Les médias sont omniprésents et jouent un rôle prépondérant et pas toujours sain dans la conversation démocratique: vivement un cours d’éducation aux médias.
Des guerres font rage un peu partout et notre pays se militarise de plus en plus: il faut un cours d’éducation à la paix.
Nouvelles conditions de travail, précarité, travail autonome: il faut un cours sur le choix et la gestion de carrière.
Divorces, violences conjugales, enfants maltraités: vite, un cours sur la parentalité.
On l’aura compris: on continuera longtemps à énumérer des sujets pour lesquels on réclamera, ici ou là, avec de solides arguments, qu’ils soient introduits dans le curriculum.
Mais comment choisir entre ces sujets? Comment décider quoi garder et quoi écarter? Au nom de quels critères le fera-t-on? Et puis, puisque le temps scolaire n’est ni infini ni (très) extensible, comment décider ce qu’on devra éliminer ou réduire des disciplines scolaires pour faire place aux nouveaux venus?
Ce n’est pas tout. Car avec des sujets de ce genre, on pénètre presque immanquablement dans une zone grise où entrent en jeu des valeurs et des systèmes idéologiques qui font qu’on aura des positions très divergentes, voire incompatibles, sur ce qu’il faut enseigner.
Revenons à ce cours réclamé de finances personnelles.

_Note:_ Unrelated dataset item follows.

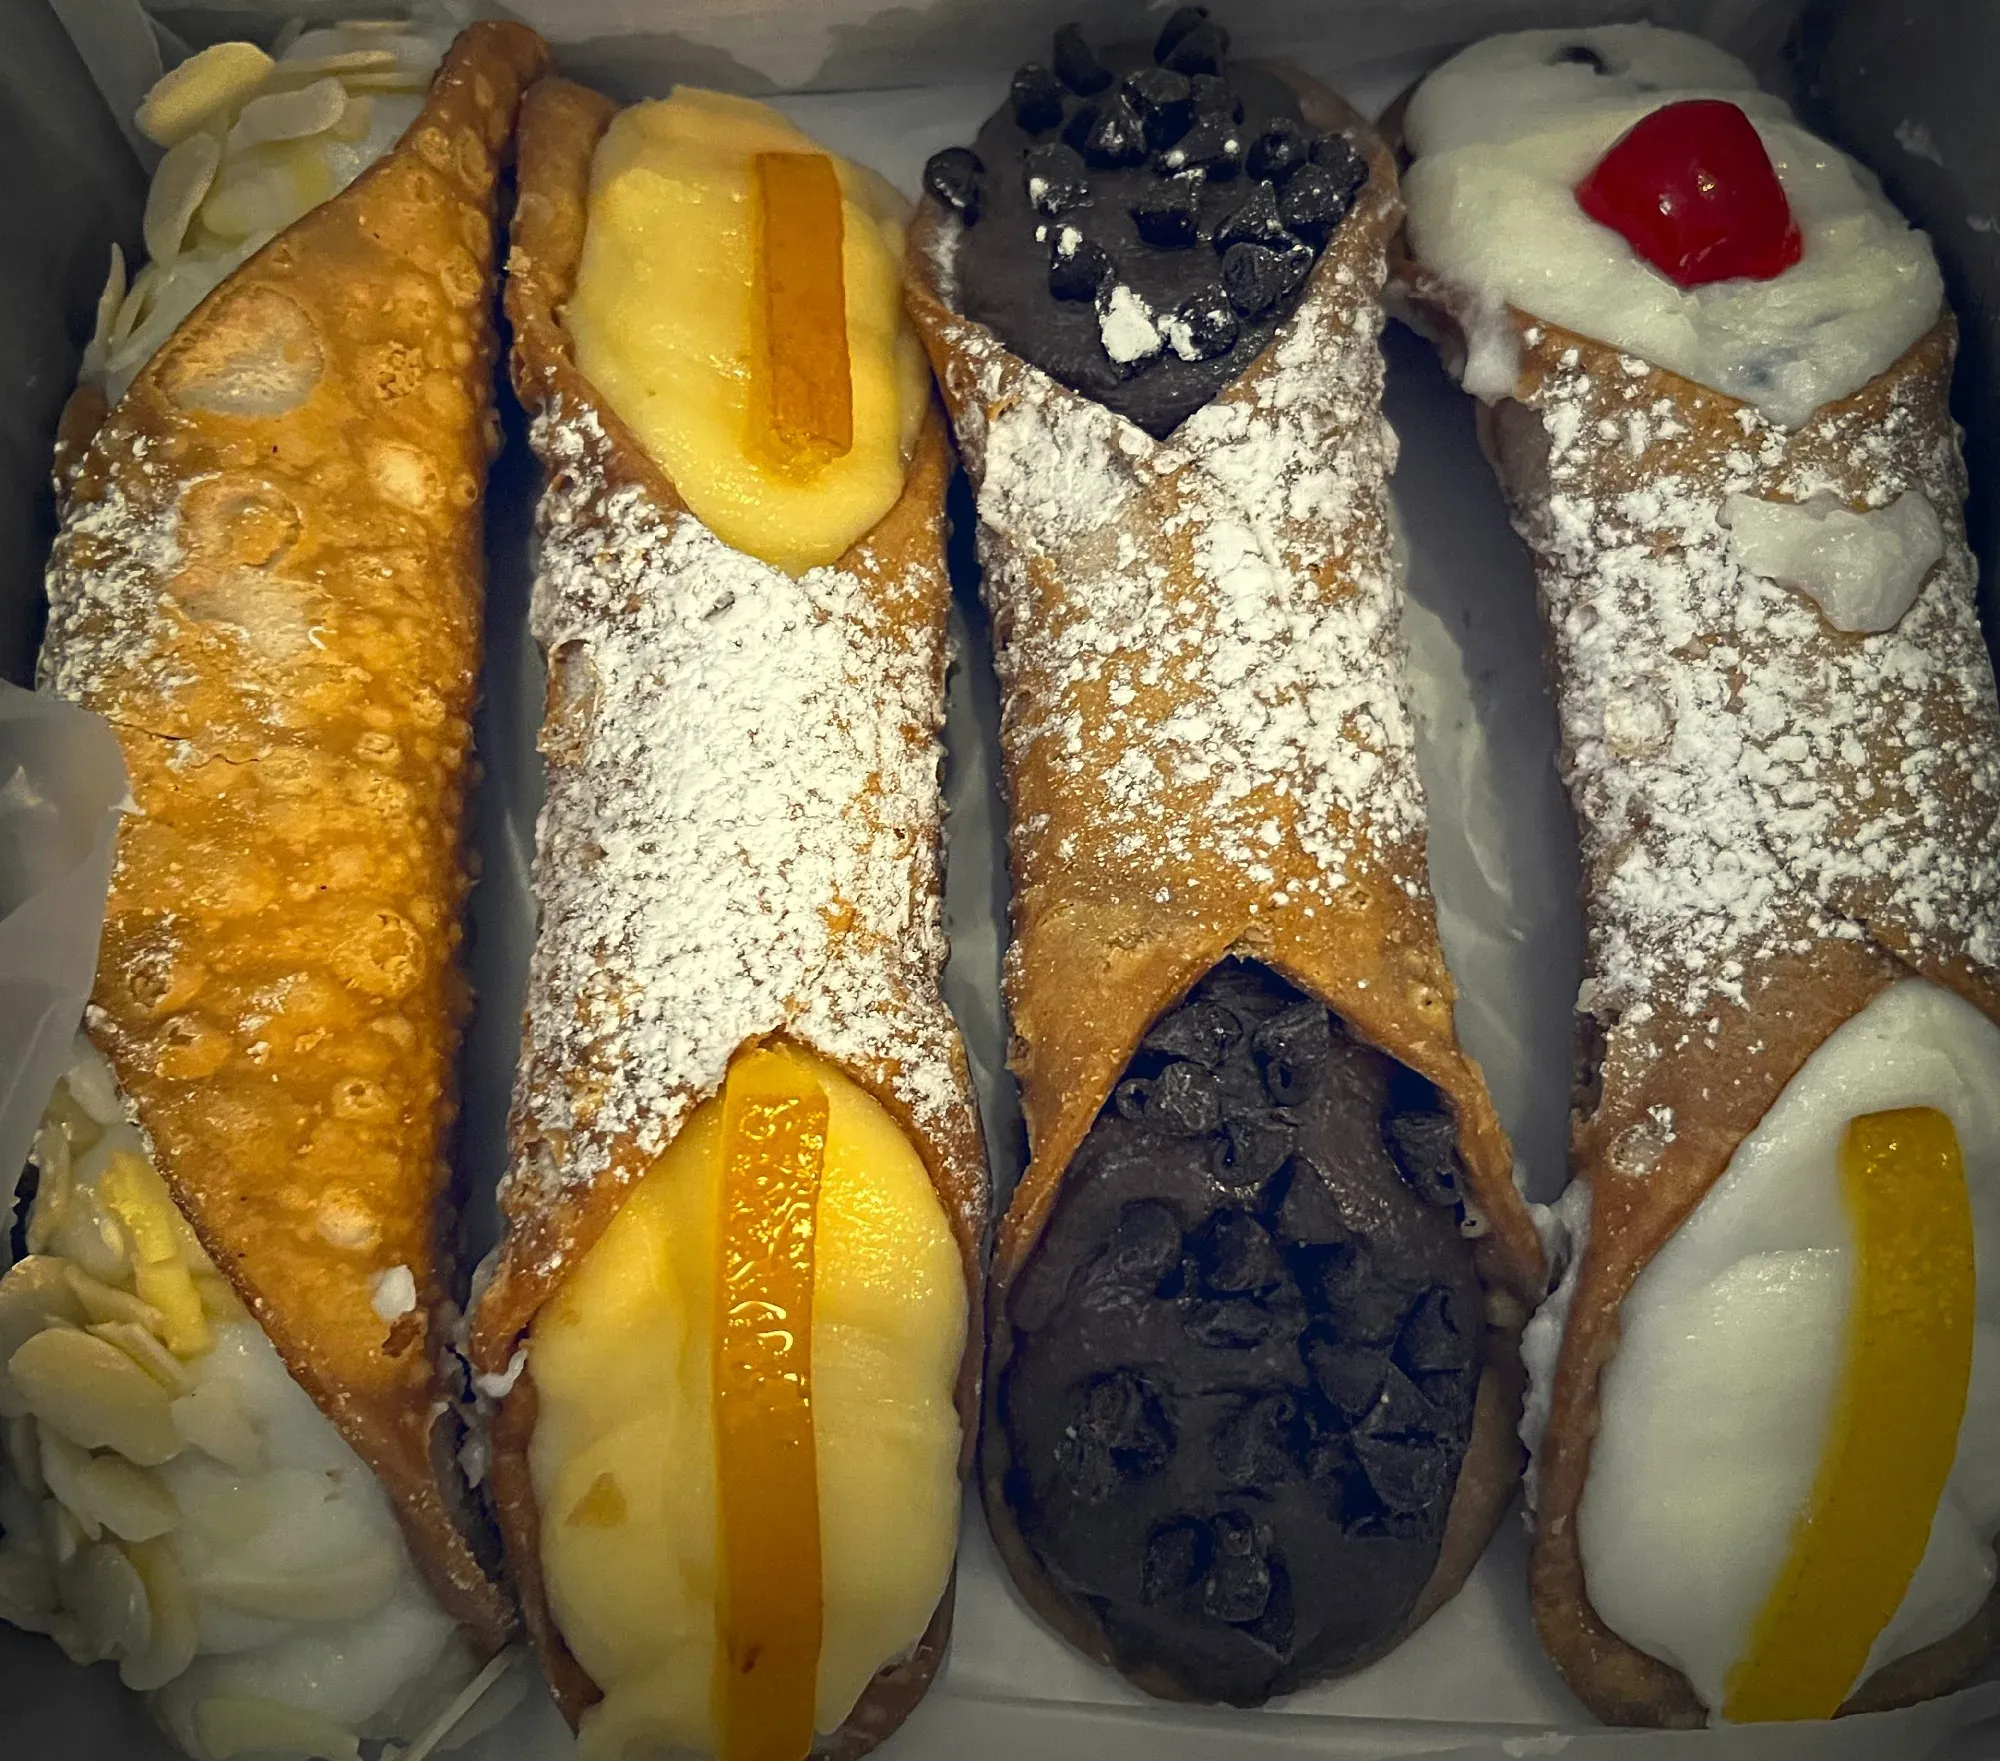 Canolli. Four canolli in a pastry box. Almond, orange, chocolate, and classic flavors.

Les uns demandent: que dira-t-on sur l’endettement des ménages, sur la relative stagnation des salaires depuis quelques décennies et ses causes? Sur le néolibéralisme? Sur le libre-échange? Sur les inégalités économiques qui s’aggravent dramatiquement? Sur l’impôt? Sur les subventions et autres cadeaux aux entreprises?
Je sens que ça grogne de ce côté-ci – où se tiennent M. Bouchard et consorts…
Ceux-ci demandent: que dira-t-on sur l’entrepreneuriat et sur ses bienfaits? Sur la valeur des créateurs d’emplois? Sur l’aide sociale qui favorise la dépendance?
Je sens, cette fois, que ça grogne d’un côté, où on rappelle, d’ailleurs, que pour l’éducation à l’entrepreneuriat, on a déjà donné…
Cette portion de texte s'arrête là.